Long-Range Feedback Spiking Network Captures Dynamic and Static Representations of the Visual Cortex under Movie Stimuli

We thank the reviewer for being supportive of our work and for the constructive comments. We will try our best to address the comments. Below are our detailed responses.

1. About line 318.

We apologize for not refering to the corresponding table. The conclusion comes from the results on the right side of Table 2. We will add a reference to that table in the manuscript.

2. About spiking mechanisms?

We already have some experiments in our manuscript to compare spiking and non-spiking networks to demonstrate the importance and benefits of the spiking mechanism. What's more, according to the suggestion of reviewers, we conduct additional experiments to provide more evidence and to strengthen our conclusions (please refer to response 1 to Reviewer YZqi). We will add and emphasize these results in our manuscript.

3. About the training of our work.

Due to space constraints, we have put the detailed network training procedure and training parameters in the appendix. Please refer to Appendix C.

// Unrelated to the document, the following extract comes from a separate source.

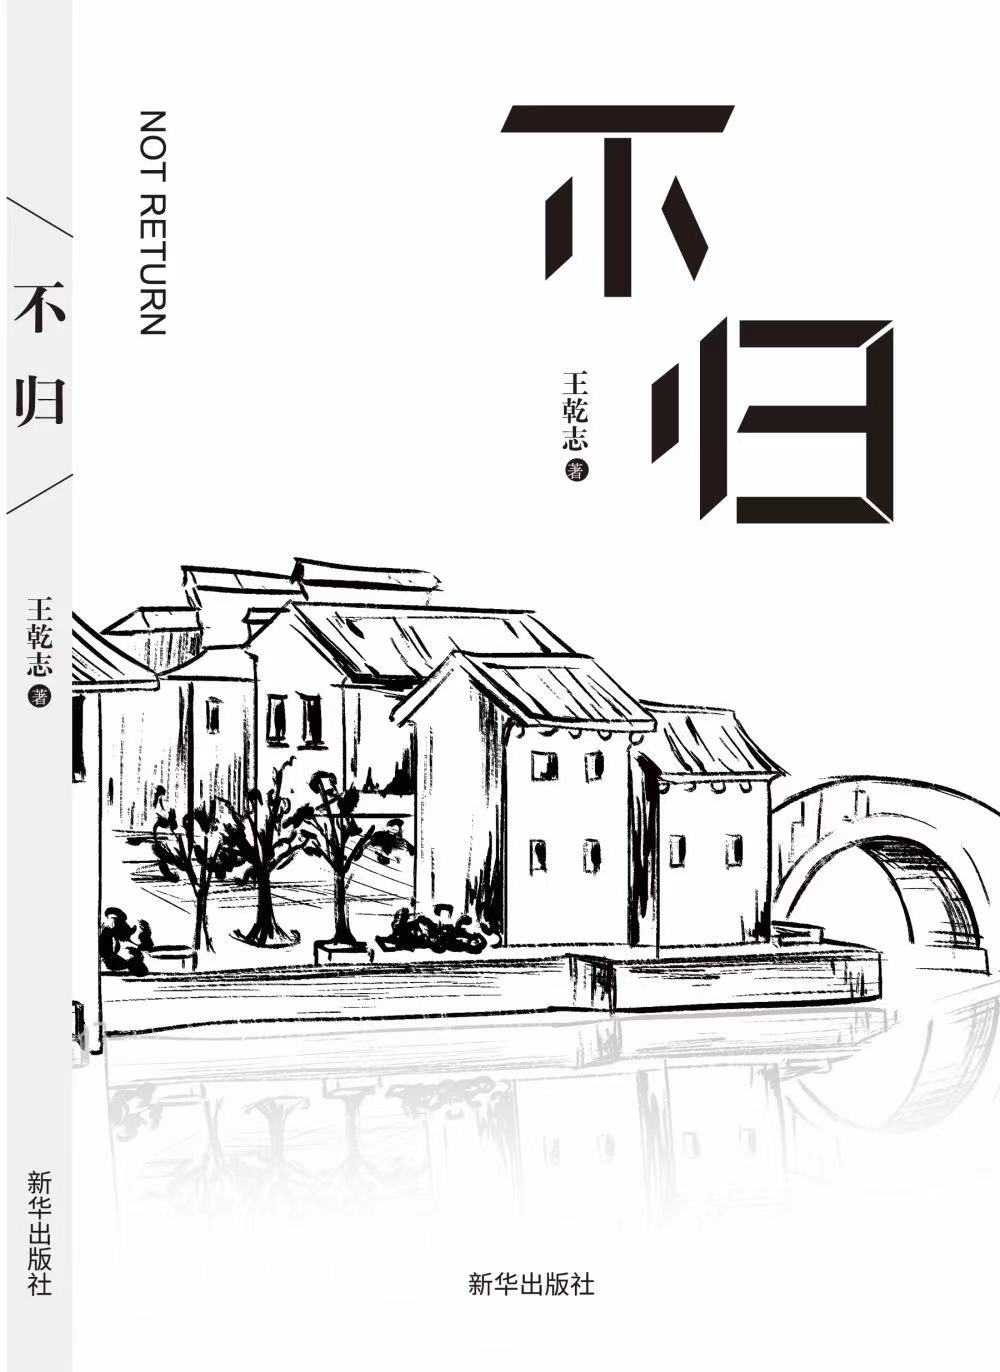 青年作家王乾志新作《不归》正式出版发行

4. Is there a good reason for averaging? Could some regions be better fitted than others?

We use the average across brain regions as the similarity score for two reasons. First, neurons responsive to movie stimuli are found in all six cortical regions [1]. Second, the depths of the network layer with the best similarity score to most mouse cortical regions are at the same level [2]. We show the individual similarity scores of our model to each region in Table R1, suggesting that there is no significant difference across regions.

Table R1: TSRSA scores of LoRaFB-SNet to six cortical regions, respectively.

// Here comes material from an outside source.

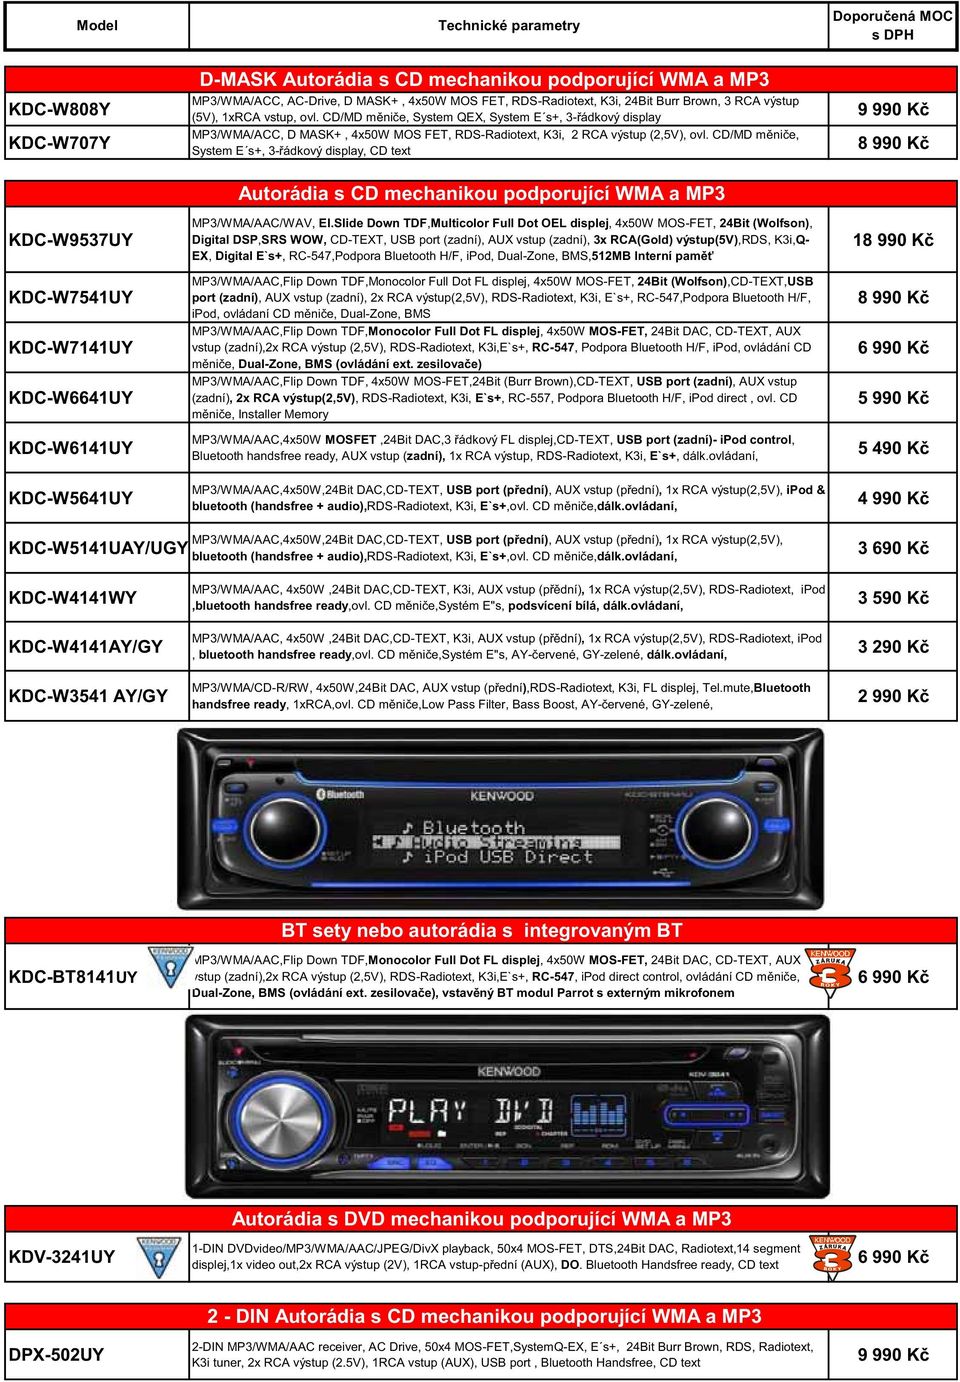 CD/MD m ni e, System QEX, System E s+, 3- ádkový display MP3/WMA/ACC, D MASK+, 4x50W MOS FET, RDS-Radiotext, K3i, 2 RCA výstup (2,5V), ovl.

[1] Saskia EJ de Vries, et al. "A large-scale standardized physiological survey reveals functional organization of the mouse visual cortex." Nature neuroscience 2020.

[2] Jianghong Shi, et al. "Comparison against task driven artificial neural networks reveals functional properties in mouse visual cortex." NeurIPS 2019.

I thank the authors for replying to my questions.

Additional analysis strengthens the evidence of the benefit of spiking versus non-spiking networks on capturing representational similarity in the mouse visual cortex. However, it remains somewhat unclear why spiking is actually beneficial. Authors make a valuable first step to demonstrate such benefit, even though their datasets are relatively small. Their hypothesis of the membrane potential dynamics being helpful (I suppose authors refer to the subthreshold dynamics of the membrane potential) is an interesting and viable hypothesis, but it is not proven in this paper. Future work could dig deeper to explain the benefit of spiking for the information processing of natural and time-dependent stimuli.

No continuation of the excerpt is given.